Your instructions
Print the line containing "Vase en verre opalescent Verlys", then every line after it through the end of the material, exactly as written and without pictures.

Dataset content

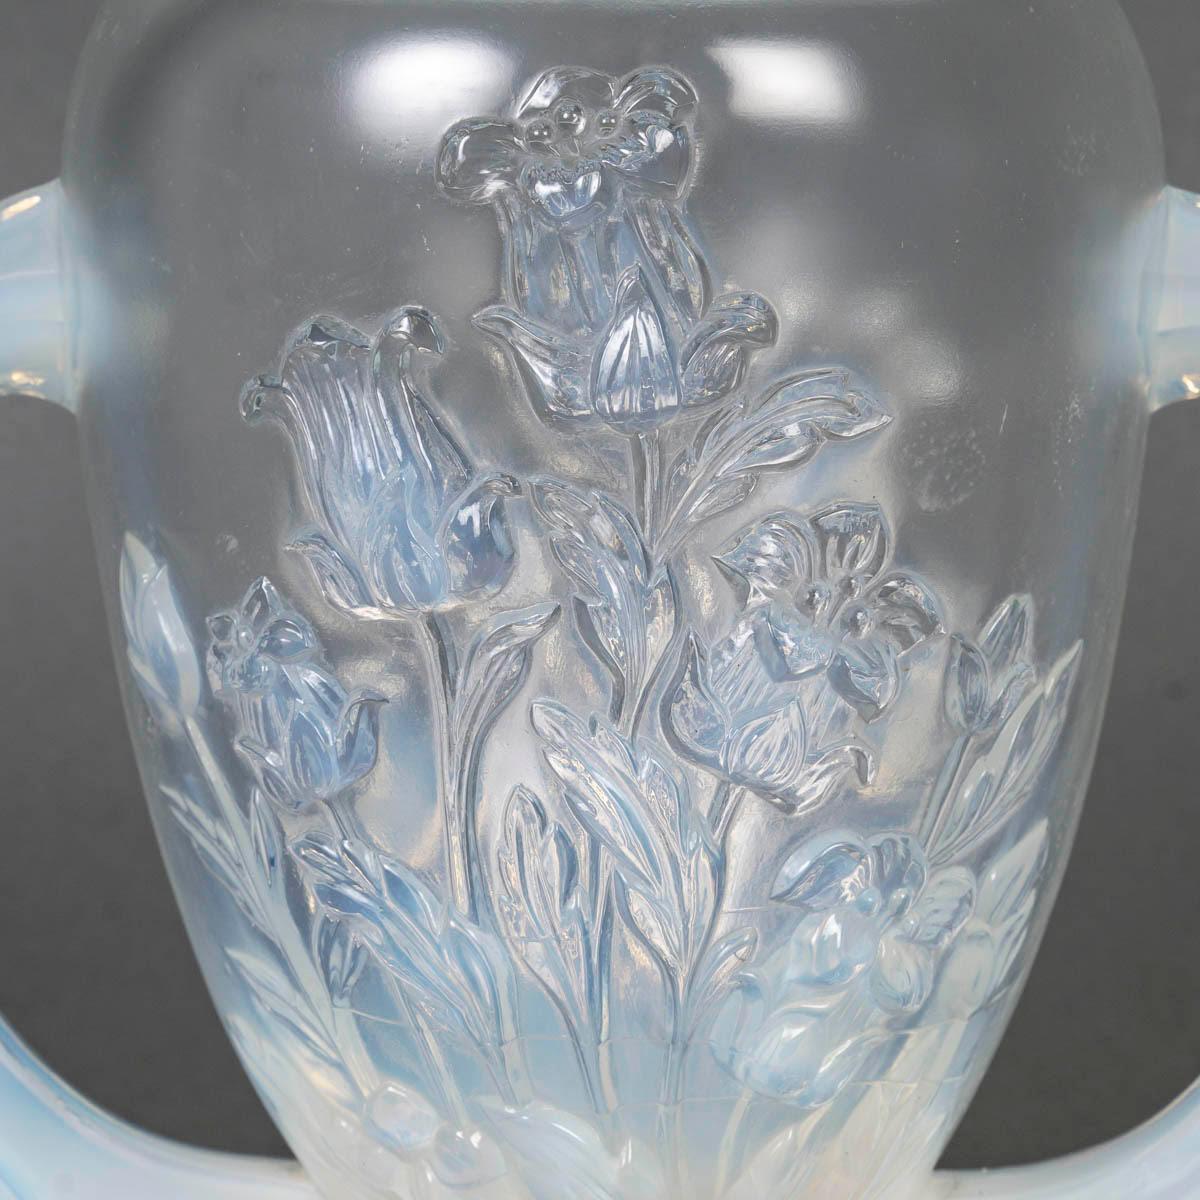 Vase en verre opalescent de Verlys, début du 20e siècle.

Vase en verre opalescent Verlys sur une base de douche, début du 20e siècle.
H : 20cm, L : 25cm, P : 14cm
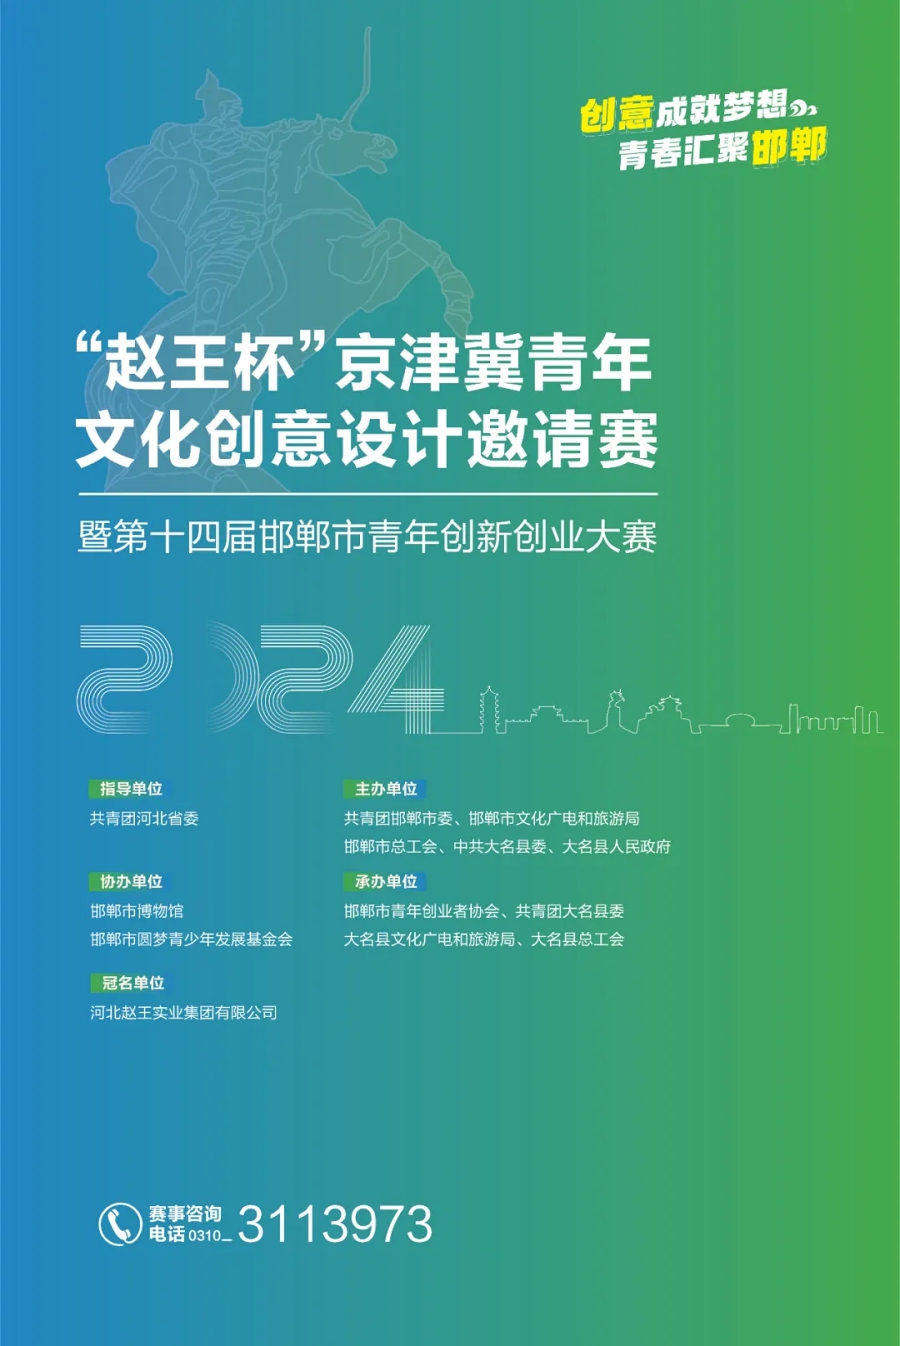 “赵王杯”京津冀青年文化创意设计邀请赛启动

Reply
Vase en verre opalescent Verlys sur une base de douche, début du 20e siècle.
H : 20cm, L : 25cm, P : 14cm
 “赵王杯”京津冀青年文化创意设计邀请赛启动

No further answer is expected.